The data is to be retyped in full, exactly.

─── Available data ───

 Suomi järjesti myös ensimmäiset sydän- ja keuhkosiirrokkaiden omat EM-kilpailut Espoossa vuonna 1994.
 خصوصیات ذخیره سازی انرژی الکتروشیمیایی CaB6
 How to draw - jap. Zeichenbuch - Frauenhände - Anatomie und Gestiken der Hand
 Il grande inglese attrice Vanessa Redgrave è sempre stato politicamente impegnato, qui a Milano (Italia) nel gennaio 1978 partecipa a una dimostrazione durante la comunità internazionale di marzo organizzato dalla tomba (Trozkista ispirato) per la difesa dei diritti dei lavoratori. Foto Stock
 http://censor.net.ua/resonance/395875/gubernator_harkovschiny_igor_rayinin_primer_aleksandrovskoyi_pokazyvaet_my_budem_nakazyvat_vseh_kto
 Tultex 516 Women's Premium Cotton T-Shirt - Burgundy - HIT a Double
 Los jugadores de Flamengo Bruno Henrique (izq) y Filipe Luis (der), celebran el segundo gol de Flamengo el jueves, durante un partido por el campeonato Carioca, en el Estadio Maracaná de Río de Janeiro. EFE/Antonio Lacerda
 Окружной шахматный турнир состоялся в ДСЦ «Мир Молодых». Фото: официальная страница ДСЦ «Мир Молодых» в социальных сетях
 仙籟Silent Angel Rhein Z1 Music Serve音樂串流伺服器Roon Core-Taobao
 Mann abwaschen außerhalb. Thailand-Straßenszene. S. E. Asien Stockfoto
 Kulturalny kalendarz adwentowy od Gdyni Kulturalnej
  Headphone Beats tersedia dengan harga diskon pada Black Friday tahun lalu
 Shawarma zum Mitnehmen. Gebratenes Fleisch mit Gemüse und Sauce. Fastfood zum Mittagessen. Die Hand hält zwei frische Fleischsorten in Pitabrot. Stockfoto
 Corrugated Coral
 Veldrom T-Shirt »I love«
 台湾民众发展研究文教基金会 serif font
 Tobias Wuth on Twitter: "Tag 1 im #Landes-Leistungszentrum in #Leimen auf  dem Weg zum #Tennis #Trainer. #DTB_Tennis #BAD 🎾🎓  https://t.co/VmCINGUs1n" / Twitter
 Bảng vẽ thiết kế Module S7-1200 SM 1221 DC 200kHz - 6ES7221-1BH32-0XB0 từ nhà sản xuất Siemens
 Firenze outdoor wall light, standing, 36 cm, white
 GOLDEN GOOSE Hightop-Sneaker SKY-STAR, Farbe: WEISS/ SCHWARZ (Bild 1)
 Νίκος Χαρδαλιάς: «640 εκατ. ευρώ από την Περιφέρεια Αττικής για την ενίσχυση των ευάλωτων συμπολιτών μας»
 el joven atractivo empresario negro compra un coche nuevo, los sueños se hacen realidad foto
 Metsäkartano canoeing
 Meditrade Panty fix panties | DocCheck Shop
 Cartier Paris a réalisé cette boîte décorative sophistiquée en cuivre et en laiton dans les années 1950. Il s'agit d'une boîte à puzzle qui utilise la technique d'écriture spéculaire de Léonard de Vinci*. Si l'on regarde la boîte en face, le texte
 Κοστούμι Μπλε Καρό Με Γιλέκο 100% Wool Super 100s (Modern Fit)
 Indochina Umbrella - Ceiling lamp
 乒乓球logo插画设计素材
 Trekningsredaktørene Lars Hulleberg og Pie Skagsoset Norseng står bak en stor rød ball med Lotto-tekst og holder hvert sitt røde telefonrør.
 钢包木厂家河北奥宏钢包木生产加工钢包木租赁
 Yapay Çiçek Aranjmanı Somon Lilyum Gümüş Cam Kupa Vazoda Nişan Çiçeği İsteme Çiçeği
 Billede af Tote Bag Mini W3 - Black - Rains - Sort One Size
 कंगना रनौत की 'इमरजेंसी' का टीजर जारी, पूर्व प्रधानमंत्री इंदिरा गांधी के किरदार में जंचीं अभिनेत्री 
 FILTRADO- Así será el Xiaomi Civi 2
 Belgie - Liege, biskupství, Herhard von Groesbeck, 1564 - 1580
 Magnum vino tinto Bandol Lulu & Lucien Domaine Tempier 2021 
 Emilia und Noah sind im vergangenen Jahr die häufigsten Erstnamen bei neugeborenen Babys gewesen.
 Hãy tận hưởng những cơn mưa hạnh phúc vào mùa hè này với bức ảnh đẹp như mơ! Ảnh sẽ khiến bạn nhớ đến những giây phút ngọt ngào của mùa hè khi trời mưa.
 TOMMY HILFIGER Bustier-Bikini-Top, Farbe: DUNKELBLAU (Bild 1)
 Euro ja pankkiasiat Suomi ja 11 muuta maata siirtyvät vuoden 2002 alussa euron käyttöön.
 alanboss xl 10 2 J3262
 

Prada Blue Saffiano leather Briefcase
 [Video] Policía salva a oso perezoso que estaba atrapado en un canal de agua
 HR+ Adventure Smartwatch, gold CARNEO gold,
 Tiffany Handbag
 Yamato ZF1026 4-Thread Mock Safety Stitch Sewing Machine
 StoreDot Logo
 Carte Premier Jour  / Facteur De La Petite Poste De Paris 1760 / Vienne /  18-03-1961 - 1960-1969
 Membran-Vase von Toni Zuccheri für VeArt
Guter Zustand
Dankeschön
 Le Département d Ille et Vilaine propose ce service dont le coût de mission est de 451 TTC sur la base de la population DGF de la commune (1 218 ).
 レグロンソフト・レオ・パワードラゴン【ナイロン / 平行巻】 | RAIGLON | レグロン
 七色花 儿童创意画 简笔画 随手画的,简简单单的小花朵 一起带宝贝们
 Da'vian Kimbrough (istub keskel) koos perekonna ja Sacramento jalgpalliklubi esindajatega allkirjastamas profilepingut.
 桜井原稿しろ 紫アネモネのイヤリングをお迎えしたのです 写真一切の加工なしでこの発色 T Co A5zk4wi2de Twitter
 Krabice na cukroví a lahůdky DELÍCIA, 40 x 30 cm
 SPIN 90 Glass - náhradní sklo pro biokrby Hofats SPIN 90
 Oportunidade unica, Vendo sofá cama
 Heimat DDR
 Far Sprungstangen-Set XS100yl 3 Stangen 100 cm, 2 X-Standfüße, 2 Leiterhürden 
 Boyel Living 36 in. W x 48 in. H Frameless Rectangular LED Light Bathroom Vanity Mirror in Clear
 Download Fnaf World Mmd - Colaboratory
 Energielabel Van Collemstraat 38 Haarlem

───

**Solution to the problem**
 Suomi järjesti myös ensimmäiset sydän- ja keuhkosiirrokkaiden omat EM-kilpailut Espoossa vuonna 1994.
 خصوصیات ذخیره سازی انرژی الکتروشیمیایی CaB6
 How to draw - jap. Zeichenbuch - Frauenhände - Anatomie und Gestiken der Hand
 Il grande inglese attrice Vanessa Redgrave è sempre stato politicamente impegnato, qui a Milano (Italia) nel gennaio 1978 partecipa a una dimostrazione durante la comunità internazionale di marzo organizzato dalla tomba (Trozkista ispirato) per la difesa dei diritti dei lavoratori. Foto Stock
 http://censor.net.ua/resonance/395875/gubernator_harkovschiny_igor_rayinin_primer_aleksandrovskoyi_pokazyvaet_my_budem_nakazyvat_vseh_kto
 Tultex 516 Women's Premium Cotton T-Shirt - Burgundy - HIT a Double
 Los jugadores de Flamengo Bruno Henrique (izq) y Filipe Luis (der), celebran el segundo gol de Flamengo el jueves, durante un partido por el campeonato Carioca, en el Estadio Maracaná de Río de Janeiro. EFE/Antonio Lacerda
 Окружной шахматный турнир состоялся в ДСЦ «Мир Молодых». Фото: официальная страница ДСЦ «Мир Молодых» в социальных сетях
 仙籟Silent Angel Rhein Z1 Music Serve音樂串流伺服器Roon Core-Taobao
 Mann abwaschen außerhalb. Thailand-Straßenszene. S. E. Asien Stockfoto
 Kulturalny kalendarz adwentowy od Gdyni Kulturalnej
  Headphone Beats tersedia dengan harga diskon pada Black Friday tahun lalu
 Shawarma zum Mitnehmen. Gebratenes Fleisch mit Gemüse und Sauce. Fastfood zum Mittagessen. Die Hand hält zwei frische Fleischsorten in Pitabrot. Stockfoto
 Corrugated Coral
 Veldrom T-Shirt »I love«
 台湾民众发展研究文教基金会 serif font
 Tobias Wuth on Twitter: "Tag 1 im #Landes-Leistungszentrum in #Leimen auf  dem Weg zum #Tennis #Trainer. #DTB_Tennis #BAD 🎾🎓  https://t.co/VmCINGUs1n" / Twitter
 Bảng vẽ thiết kế Module S7-1200 SM 1221 DC 200kHz - 6ES7221-1BH32-0XB0 từ nhà sản xuất Siemens
 Firenze outdoor wall light, standing, 36 cm, white
 GOLDEN GOOSE Hightop-Sneaker SKY-STAR, Farbe: WEISS/ SCHWARZ (Bild 1)
 Νίκος Χαρδαλιάς: «640 εκατ. ευρώ από την Περιφέρεια Αττικής για την ενίσχυση των ευάλωτων συμπολιτών μας»
 el joven atractivo empresario negro compra un coche nuevo, los sueños se hacen realidad foto
 Metsäkartano canoeing
 Meditrade Panty fix panties | DocCheck Shop
 Cartier Paris a réalisé cette boîte décorative sophistiquée en cuivre et en laiton dans les années 1950. Il s'agit d'une boîte à puzzle qui utilise la technique d'écriture spéculaire de Léonard de Vinci*. Si l'on regarde la boîte en face, le texte
 Κοστούμι Μπλε Καρό Με Γιλέκο 100% Wool Super 100s (Modern Fit)
 Indochina Umbrella - Ceiling lamp
 乒乓球logo插画设计素材
 Trekningsredaktørene Lars Hulleberg og Pie Skagsoset Norseng står bak en stor rød ball med Lotto-tekst og holder hvert sitt røde telefonrør.
 钢包木厂家河北奥宏钢包木生产加工钢包木租赁
 Yapay Çiçek Aranjmanı Somon Lilyum Gümüş Cam Kupa Vazoda Nişan Çiçeği İsteme Çiçeği
 Billede af Tote Bag Mini W3 - Black - Rains - Sort One Size
 कंगना रनौत की 'इमरजेंसी' का टीजर जारी, पूर्व प्रधानमंत्री इंदिरा गांधी के किरदार में जंचीं अभिनेत्री 
 FILTRADO- Así será el Xiaomi Civi 2
 Belgie - Liege, biskupství, Herhard von Groesbeck, 1564 - 1580
 Magnum vino tinto Bandol Lulu & Lucien Domaine Tempier 2021 
 Emilia und Noah sind im vergangenen Jahr die häufigsten Erstnamen bei neugeborenen Babys gewesen.
 Hãy tận hưởng những cơn mưa hạnh phúc vào mùa hè này với bức ảnh đẹp như mơ! Ảnh sẽ khiến bạn nhớ đến những giây phút ngọt ngào của mùa hè khi trời mưa.
 TOMMY HILFIGER Bustier-Bikini-Top, Farbe: DUNKELBLAU (Bild 1)
 Euro ja pankkiasiat Suomi ja 11 muuta maata siirtyvät vuoden 2002 alussa euron käyttöön.
 alanboss xl 10 2 J3262
 

Prada Blue Saffiano leather Briefcase
 [Video] Policía salva a oso perezoso que estaba atrapado en un canal de agua
 HR+ Adventure Smartwatch, gold CARNEO gold,
 Tiffany Handbag
 Yamato ZF1026 4-Thread Mock Safety Stitch Sewing Machine
 StoreDot Logo
 Carte Premier Jour  / Facteur De La Petite Poste De Paris 1760 / Vienne /  18-03-1961 - 1960-1969
 Membran-Vase von Toni Zuccheri für VeArt
Guter Zustand
Dankeschön
 Le Département d Ille et Vilaine propose ce service dont le coût de mission est de 451 TTC sur la base de la population DGF de la commune (1 218 ).
 レグロンソフト・レオ・パワードラゴン【ナイロン / 平行巻】 | RAIGLON | レグロン
 七色花 儿童创意画 简笔画 随手画的,简简单单的小花朵 一起带宝贝们
 Da'vian Kimbrough (istub keskel) koos perekonna ja Sacramento jalgpalliklubi esindajatega allkirjastamas profilepingut.
 桜井原稿しろ 紫アネモネのイヤリングをお迎えしたのです 写真一切の加工なしでこの発色 T Co A5zk4wi2de Twitter
 Krabice na cukroví a lahůdky DELÍCIA, 40 x 30 cm
 SPIN 90 Glass - náhradní sklo pro biokrby Hofats SPIN 90
 Oportunidade unica, Vendo sofá cama
 Heimat DDR
 Far Sprungstangen-Set XS100yl 3 Stangen 100 cm, 2 X-Standfüße, 2 Leiterhürden 
 Boyel Living 36 in. W x 48 in. H Frameless Rectangular LED Light Bathroom Vanity Mirror in Clear
 Download Fnaf World Mmd - Colaboratory
 Energielabel Van Collemstraat 38 Haarlem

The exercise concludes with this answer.